Let’s simulate two variables \(X\) and \(Y\).

  • \(X \sim \mathcal{N}(1, 1)\)

  • \(Y \sim \mathcal{N}(1 + 3.5 \times X, 1)\)

Note that \(Y\) is dependent on \(X\), but, \(X\) is not dependent on \(Y\). The dependency of \(Y\) on \(X\) implies \(P(Y|X) > P(X|Y)\) (the probability of \(Y\) given \(X\) should be greater than the probability of \(X\) given \(Y\)). This implication has use for causality since there is asymmetry; \(P(Y|X) \neq P(X|Y)\). Of course, we can manipulate the dependency and distributions so that \(P(Y|X) = P(X|Y)\), but, in real life, such relationships are rather rare.

import numpy as np


N = 1000

x = np.random.normal(1, 1, N)
y = np.random.normal(1 + 3.5 * x, 1, N)

data = np.vstack([x, y]).T
means = data.mean(axis=0)
mins = data.min(axis=0)
maxs = data.max(axis=0)
cov = np.cov(data.T)
std = np.sqrt(cov)
cor = np.corrcoef(data.T)

print('stddev matrix')
print('correlation matrix')
[1.01277839 4.52863965]

[-2.31079823 -8.33142158]

[ 3.92919388 17.57679341]

stddev matrix
[[0.98156075 1.8353206 ]
 [1.8353206  3.5714234 ]]

correlation matrix
[[1.        0.9608716]
 [0.9608716 1.       ]]

7.3. Modeling conditional bivariate gaussian

After we simulate the data, we can estimate the means, variances, standard deviations and correlations from the data. Then, we can build a model of the conditional normal gaussian. Below, we use a class to model the conditional normal gaussian, CondNorm.

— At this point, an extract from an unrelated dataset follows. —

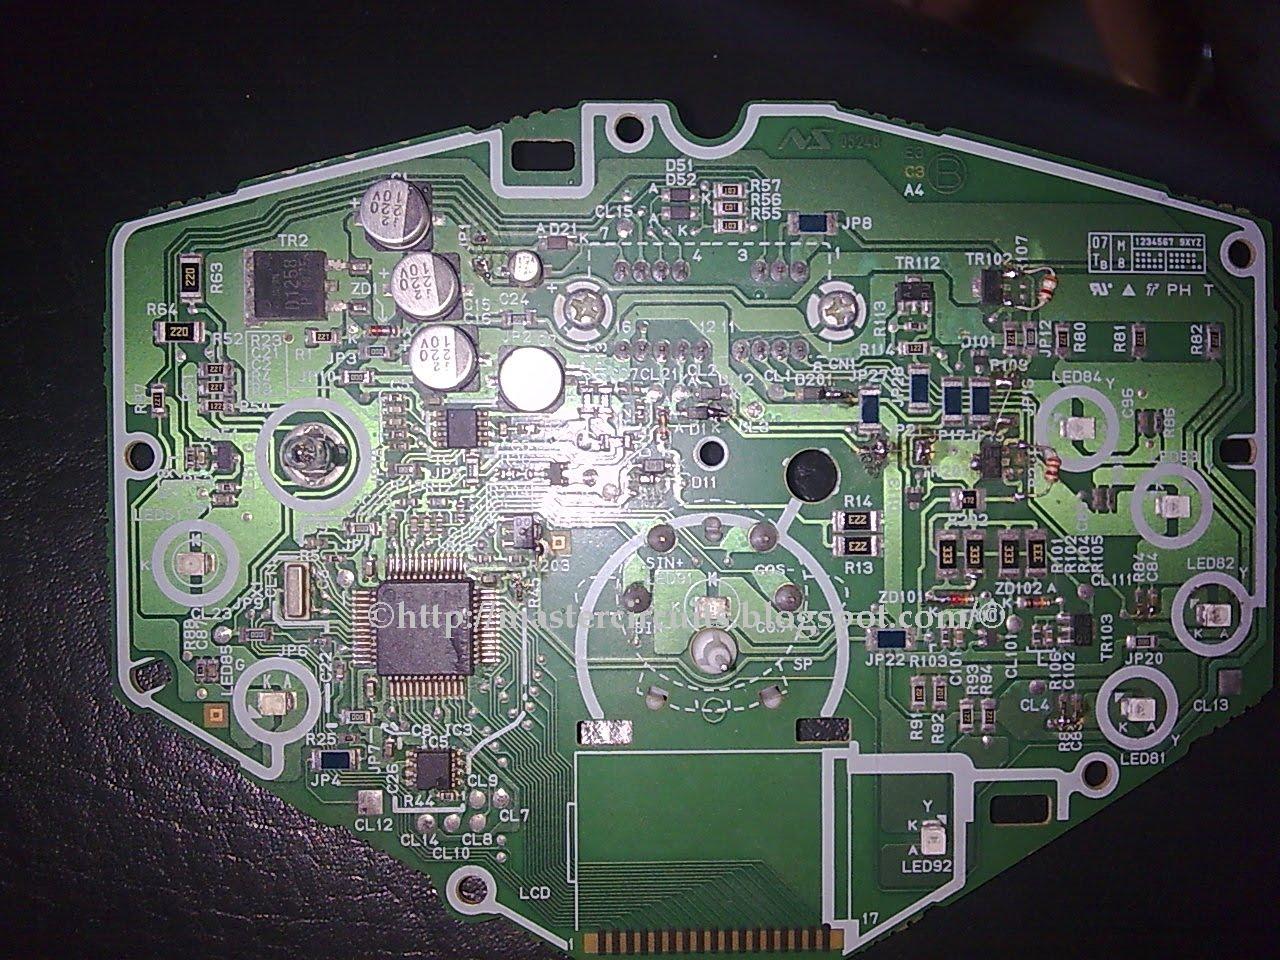 Info Manual: Shogun Sdometer Panel on

from scipy.stats import norm
import pandas as pd
import itertools

class CondNormal(object):
    def __init__(self, m_1, m_2, s_1, s_2, p, zero=0.0000001):
        self.m_1 = m_1
        self.m_2 = m_2
        self.s_1 = s_1
        self.s_2 = s_2
        self.p = p
        self.zero = zero

    def pdf(self, a, b):
        m = self.m_1 + (self.s_1 / self.s_2) * self.p * (a - self.m_2)
        s = (1.0 - np.power(self.p, 2.0)) * np.power(self.s_1, 2.0)
        p = norm.pdf(b, loc=m, scale=s)
        p = np.log(p) if p >= self.zero else p
        return p if pd.notna(p) else 0.0

    def empirical_log_proba(self, data):
        return sum([self.pdf(a, b) for a, b in data])

Note the following.

  • p_x_y is the model of \(X | Y = a\) or \(Y \rightarrow X\), denoted \(\mathcal{N}_{X|Y}\)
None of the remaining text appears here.